Лили продолжала молча сидеть на откидном стульчике в зрительном зале кинотеатра, хотя сеанс уже закончился. Зрители недовольно пробирались мимо нее, стараясь не задеть ее в узком пространстве прохода, но она так и не сдвинулась с места, сжав ноги и положив на колени портфель. Несмотря на то, что Лили было всего четырнадцать, терпения ей было не занимать. Она знала, что про нее забудут. Всегда забывают. С миниатюрной фигуркой и худеньким личиком, обрамленным черными волосами, спадающими на плечи, она имела потрясающую способность сливаться с интерьером. «Я хамелеон, я хамелеон, — говорила она себе, сдерживая дыхание. — Меня увидят только в том случае, если я сама того захочу». Конечно, это не совсем соответствовало действительности. Случалось, сотрудница кинотеатра ловила ее и отчитывала, говоря, что такие вот безбилетники заслуживают того, чтобы их препроводили в полицейский участок, но все равно на этом месте, которое находилось в непросматриваемом от входа секторе зрительного зала, Лили имела все шансы остаться незамеченной.

Еще в раннем детстве Лили поняла, что может как бы не существовать. Разве у нее не отобрали имя, чтобы заменить его на Лилиан Бертен? Так звали незнакомую девочку, которая покоилась на кладбище где-то во французской глубинке. Лили стала считать себя наполовину умершей. Ей, пожалуй, нравилось представлять могилу Лилиан Бертен с надгробьем, украшенным высеченными ангелочками и розами, слезы родителей во время похорон. Лилиан разделяла ее желания и влечения. Даже школьные учителя при перекличке не всегда замечали ее, сидящую в классе. Лили считалась прекрасным товарищем, умела хранить секреты, была любезной и улыбчивой. Она знала, что другие девочки считали ее бесцветной, но не глупышкой. Нет, не глупышкой. Лилиан Бертен была умницей-разумницей, открытой и прозрачной, как лед на берлинском озере в самый разгар зимы.

Она сильнее вжалась в сиденье. Хлопающие двери закрылись за последними зрителями, комментирующими фильм, о котором Лили уже и думать забыла. Лампочки мигнули и погасли.
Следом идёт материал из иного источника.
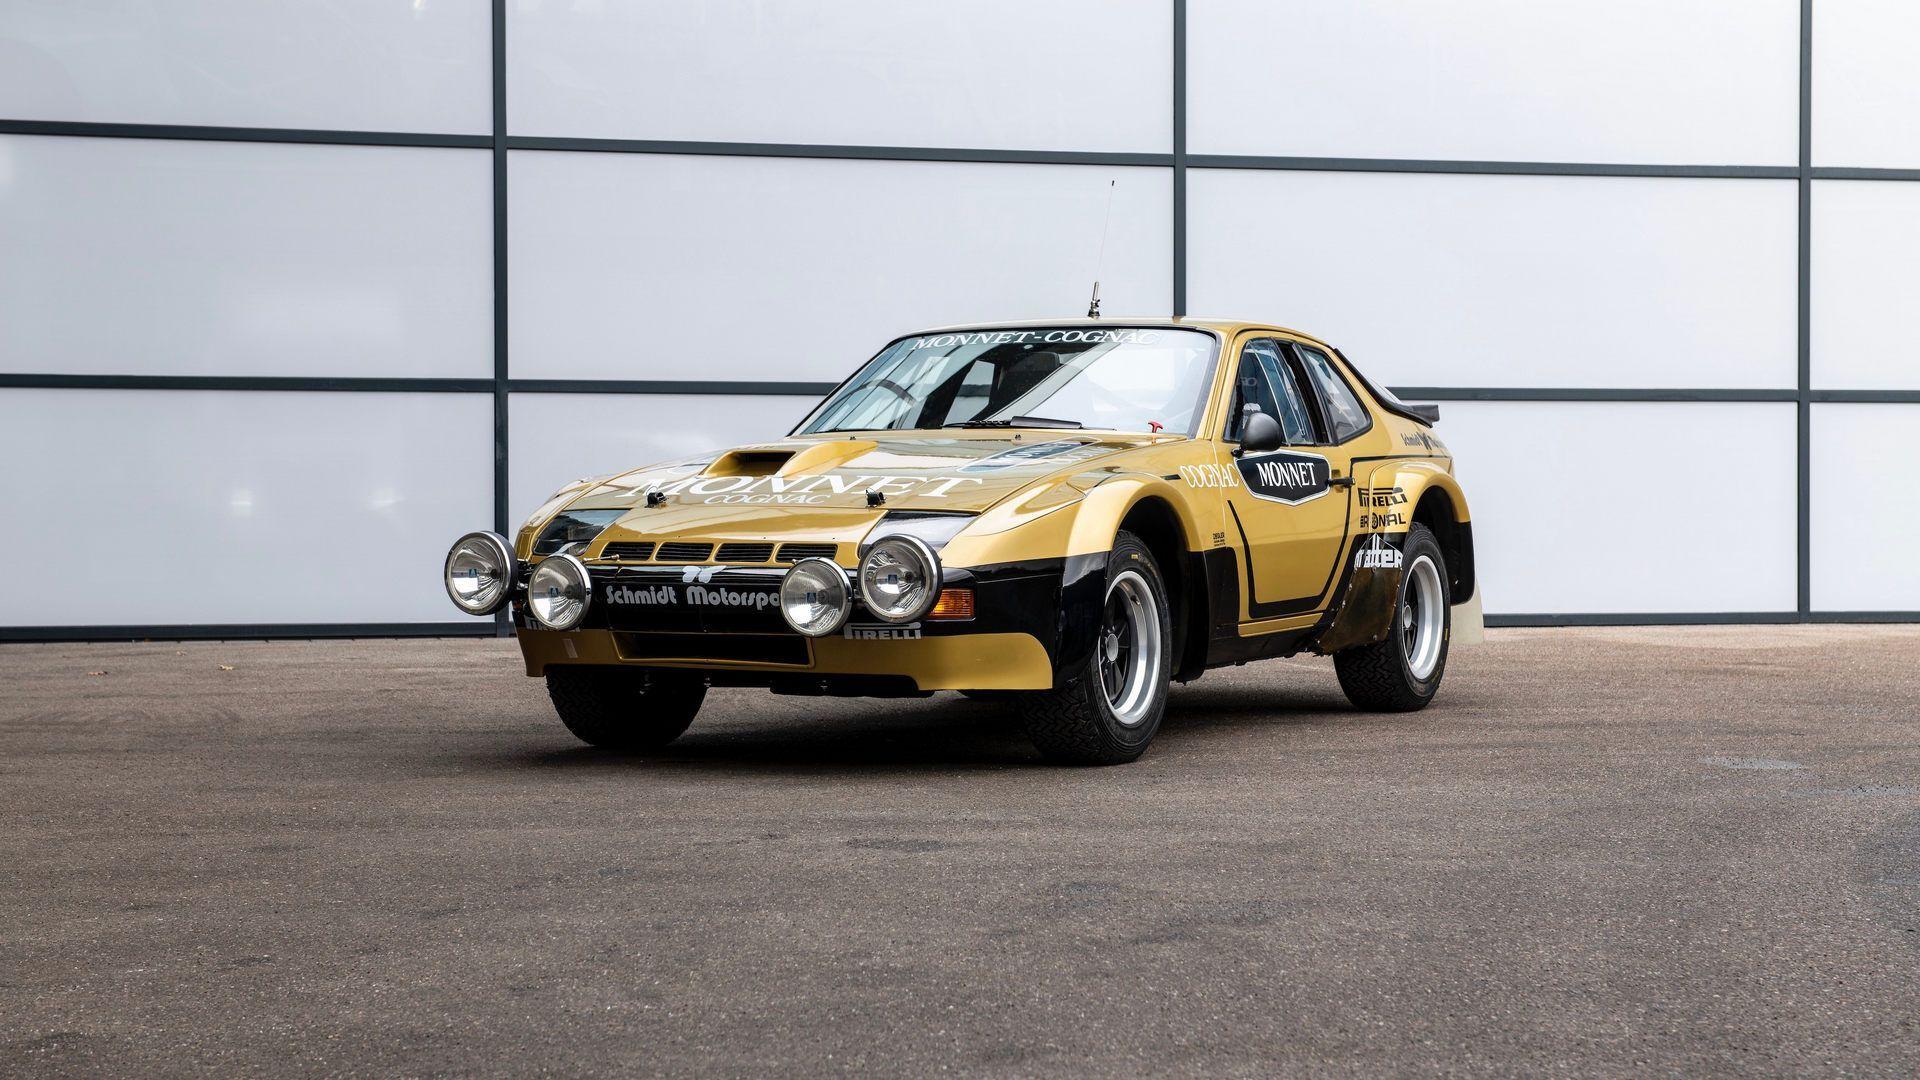 У процесі реставрації автомобіль отримав своє історичне забарвлення

Хозяин кинотеатра старался экономить электричество. Лили осталась ждать в темноте. Через несколько минут зал наполнят новые зрители, потом перед фильмом на большом экране станут показывать кинохронику, и Лили снова увидит черно-белые кадры, раздирающие душу и заставляющие содрогаться. Эти кадры изображали горы истощенных тел, которые ковшами экскаваторов сбрасывали в громадные ямы; пепел в топках крематория; искаженные страданием лица людей-призраков — живых скелетов, бывших узников концлагерей, которых, словно кукол, поддерживали под руки военные.
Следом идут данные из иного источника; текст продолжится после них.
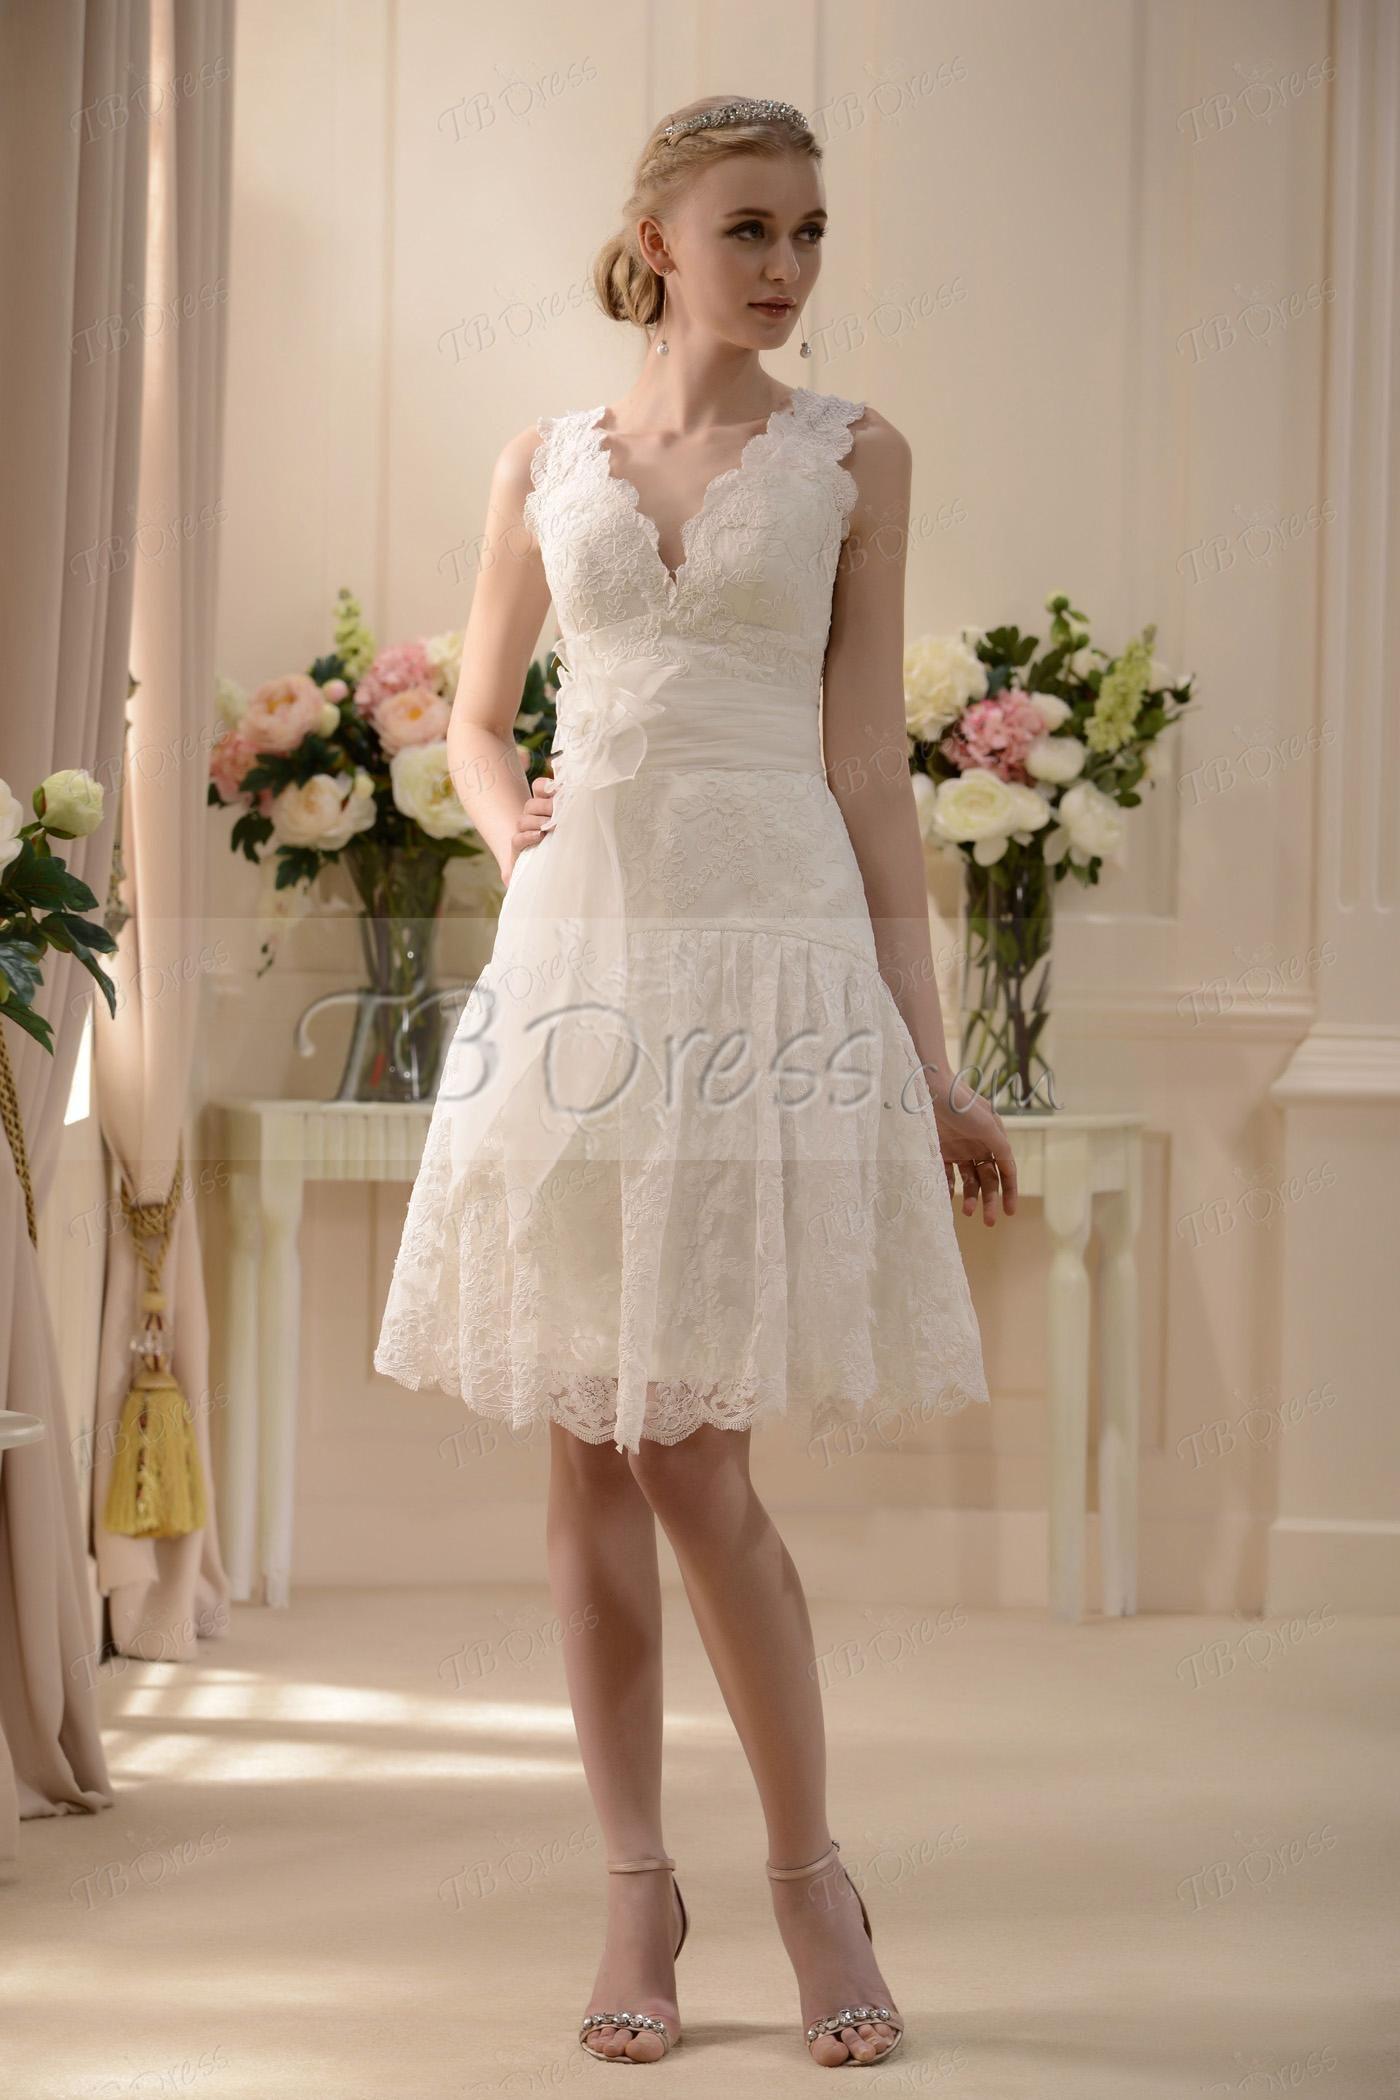 Lace v neck wedding dress  VNeck KneeLength Sash Lace Short Wedding Dress  Lace wedding

Поэтому Лили не двигалась. Кадры кинохроники она помнила во всех подробностях. Она ходила в кино тайком от тети Ксении, которая пришла бы в ужас, узнав, как Лили проводит время и на что она тратит все свои карманные деньги плюс еще несколько франков, которые ей удалось стащить из портмоне своей покровительницы. Она украла эти деньги без всякого стыда. Она должна была смотреть эту кинохронику, снова и снова. Так же она пересматривала газеты и иллюстрированные журналы брата, которые он прятал в глубине шкафа, думая, что никто о них не знает. Фотографии гор мертвых тел часто можно было увидеть даже на афишах, расклеенных на стенах парижских домов. Она смотрела на них спокойно, не роняя ни слезинки. Она не чувствовала страха. Поначалу ее саму удивляла такая реакция. Разве у нее не должны были выворачиваться внутренности? Но нет. Поэтому она смотрела, анализировала, училась. И еще искала лицо своей матери среди этих обезображенных существ. В полной тишине. В нереальной тишине. В тишине, наполненной ненавистью и только одним желанием — отомстить.

Берлин, май 1945

«Мне конец…»

Лежа на животе, втянув голову в плечи и устремив глаза в одну точку, Аксель Айзеншахт вздрагивал в такт разрывам, которые сотрясали улицы Берлина уже несколько недель подряд. Разве человек может смириться с мыслью, что его швырнули в водоворот всемирного потопа? Какой абсурд! Чья-то зловещая шутка. Трагическая ошибка.

«Но на этот раз мне точно конец…»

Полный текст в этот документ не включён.